_Problem statement_
From the data below, retype exactly the lines starting with the one that contains "韓国の人気ブランド She Said" and ending with the one that contains "Спортивные брюки EA7", both included.
———
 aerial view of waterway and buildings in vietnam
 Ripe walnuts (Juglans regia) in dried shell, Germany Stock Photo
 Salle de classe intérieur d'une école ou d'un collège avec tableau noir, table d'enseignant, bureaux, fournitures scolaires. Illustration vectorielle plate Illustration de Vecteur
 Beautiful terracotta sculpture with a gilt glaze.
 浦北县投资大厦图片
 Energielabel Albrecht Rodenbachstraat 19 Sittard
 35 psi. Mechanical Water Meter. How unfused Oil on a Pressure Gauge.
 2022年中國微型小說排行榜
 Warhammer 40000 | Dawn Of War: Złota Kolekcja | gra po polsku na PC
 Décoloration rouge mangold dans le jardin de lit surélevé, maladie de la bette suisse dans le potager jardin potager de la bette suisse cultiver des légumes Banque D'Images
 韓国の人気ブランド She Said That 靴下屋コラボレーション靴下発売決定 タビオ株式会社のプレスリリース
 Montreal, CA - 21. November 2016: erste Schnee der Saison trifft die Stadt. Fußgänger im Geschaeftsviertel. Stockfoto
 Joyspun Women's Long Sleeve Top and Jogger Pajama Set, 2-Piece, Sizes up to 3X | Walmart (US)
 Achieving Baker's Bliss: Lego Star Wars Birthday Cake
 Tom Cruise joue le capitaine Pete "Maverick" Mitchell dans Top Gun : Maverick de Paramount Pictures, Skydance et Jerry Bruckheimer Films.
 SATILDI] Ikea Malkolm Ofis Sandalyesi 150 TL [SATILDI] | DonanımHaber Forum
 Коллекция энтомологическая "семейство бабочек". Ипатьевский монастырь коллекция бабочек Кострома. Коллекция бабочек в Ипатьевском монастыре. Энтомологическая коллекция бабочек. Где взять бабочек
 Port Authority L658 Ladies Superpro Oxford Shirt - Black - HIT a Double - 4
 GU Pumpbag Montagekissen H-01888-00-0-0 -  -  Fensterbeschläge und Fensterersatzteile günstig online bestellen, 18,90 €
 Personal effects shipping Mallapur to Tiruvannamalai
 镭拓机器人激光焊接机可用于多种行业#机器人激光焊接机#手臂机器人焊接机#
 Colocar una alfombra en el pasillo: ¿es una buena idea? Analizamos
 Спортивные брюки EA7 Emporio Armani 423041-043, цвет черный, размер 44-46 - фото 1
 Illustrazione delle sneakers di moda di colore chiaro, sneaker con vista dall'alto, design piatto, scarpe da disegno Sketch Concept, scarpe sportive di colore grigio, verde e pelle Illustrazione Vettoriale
———
_Completed exercise_
 韓国の人気ブランド She Said That 靴下屋コラボレーション靴下発売決定 タビオ株式会社のプレスリリース
 Montreal, CA - 21. November 2016: erste Schnee der Saison trifft die Stadt. Fußgänger im Geschaeftsviertel. Stockfoto
 Joyspun Women's Long Sleeve Top and Jogger Pajama Set, 2-Piece, Sizes up to 3X | Walmart (US)
 Achieving Baker's Bliss: Lego Star Wars Birthday Cake
 Tom Cruise joue le capitaine Pete "Maverick" Mitchell dans Top Gun : Maverick de Paramount Pictures, Skydance et Jerry Bruckheimer Films.
 SATILDI] Ikea Malkolm Ofis Sandalyesi 150 TL [SATILDI] | DonanımHaber Forum
 Коллекция энтомологическая "семейство бабочек". Ипатьевский монастырь коллекция бабочек Кострома. Коллекция бабочек в Ипатьевском монастыре. Энтомологическая коллекция бабочек. Где взять бабочек
 Port Authority L658 Ladies Superpro Oxford Shirt - Black - HIT a Double - 4
 GU Pumpbag Montagekissen H-01888-00-0-0 -  -  Fensterbeschläge und Fensterersatzteile günstig online bestellen, 18,90 €
 Personal effects shipping Mallapur to Tiruvannamalai
 镭拓机器人激光焊接机可用于多种行业#机器人激光焊接机#手臂机器人焊接机#
 Colocar una alfombra en el pasillo: ¿es una buena idea? Analizamos
 Спортивные брюки EA7 Emporio Armani 423041-043, цвет черный, размер 44-46 - фото 1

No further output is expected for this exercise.